Episodios

  • U.S. Tariffs Soar to 17.6% in 2025 Impacting Mexico Trade Costs Households Nearly $2300 Annually
    Jul 8 2025
    Welcome to Mexico Tariff News and Tracker. Today is July 8, 2025, and we’re bringing you the latest updates and headlines on U.S. tariffs involving Mexico, President Trump’s evolving trade policies, and what it all means for businesses and households on both sides of the border.

    Listeners, 2025 has already seen the sharpest increase in U.S. tariffs in nearly a century. According to The Budget Lab at Yale, the average effective U.S. tariff rate now stands at 17.6%, the highest since 1934, with estimates that the new tariff regime has raised the cost of living by about 1.7% for American households—a hit of $2,300 per year. For context, that’s a significant increase from pre-2025 levels, where the typical tariff hovered closer to 2.5%.

    For Mexico specifically, the tariff landscape has shifted dramatically following a wave of executive orders from President Trump. Back in March, the administration imposed 25% tariffs on steel, aluminum, and automobile imports, including those from Mexico, citing national security concerns and ongoing disputes over issues like water delivery from the Rio Grande. At the same time, Mexican goods benefiting from the USMCA, the United States-Mexico-Canada Agreement, remain exempt from these new tariffs, offering some limited relief for compliant auto parts and certain other goods, although officials note that only about half of Mexican exports had sorted out the necessary paperwork by spring. By April, the scope of exemptions was extended, but the threat of further tariffs persisted due to strains over water rights and ongoing discussions on drug trafficking.

    President Trump’s escalation hasn’t just impacted Mexico; it set off a wave of retaliatory tariffs. Canada, for example, responded with its own 25% levies on billions of dollars in U.S. goods and is poised to ramp those up if no negotiation breakthroughs are reached. The broader trade conflict has created market volatility and complicated planning for North American manufacturers and retailers.

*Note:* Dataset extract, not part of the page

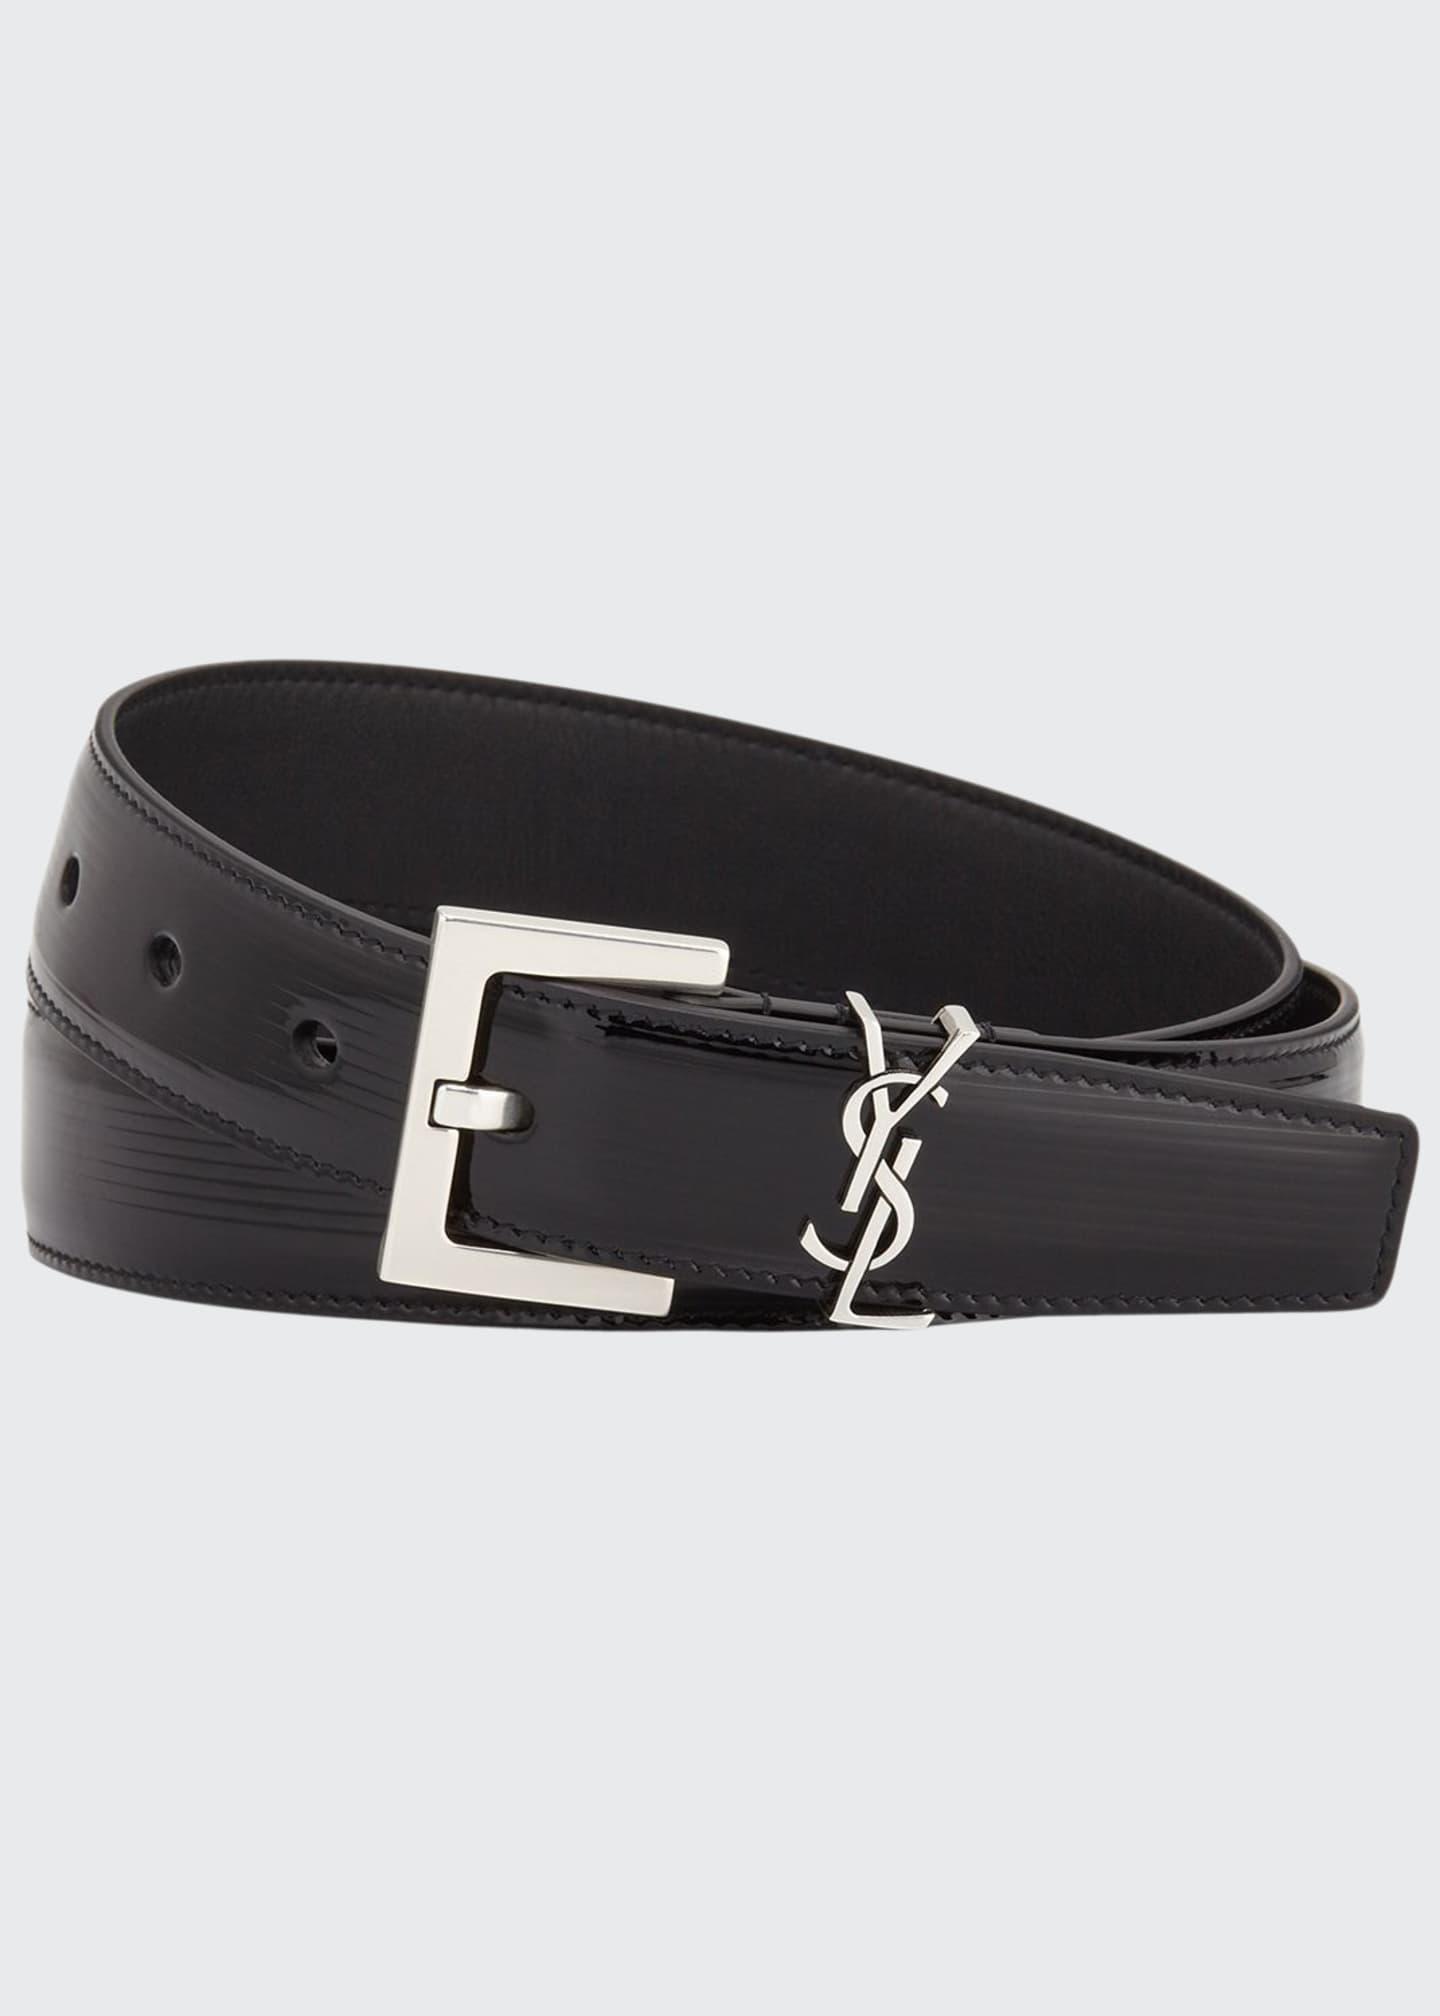 Saint Laurent Ysl Monogram Textured Patent Leather Belt in Black - Lyst

    Just this week, President Trump signed yet another executive order extending the suspension of new “reciprocal” tariffs—originally set to take effect July 9—until August 1, 2025. The current baseline: a 10% tariff applies to nearly all imports, except for key sectors like semiconductors and pharmaceuticals, while Mexican and Canadian goods not covered under the USMCA face a 25% tariff. Notably, tariffs on autos and car parts are still in place, and officials warn that if negotiations stall, rates could increase further.

    The White House claims that these tariffs will pressure trade partners into fairer deals, but with only two new agreements—one framework with the UK and a preliminary deal with Vietnam—many experts remain skeptical. Deutsche Bank and Bloomberg News both highlight the ongoing uncertainty for businesses, with U.S. importers shouldering the cost as they decide whether to absorb tariff increases, raise prices, or seek new supply sources.

    Listeners, that’s the latest on the Mexico-U.S. tariff front—a story that continues to evolve week by week. Thanks for tuning in, and make sure to subscribe so you don’t miss our next update.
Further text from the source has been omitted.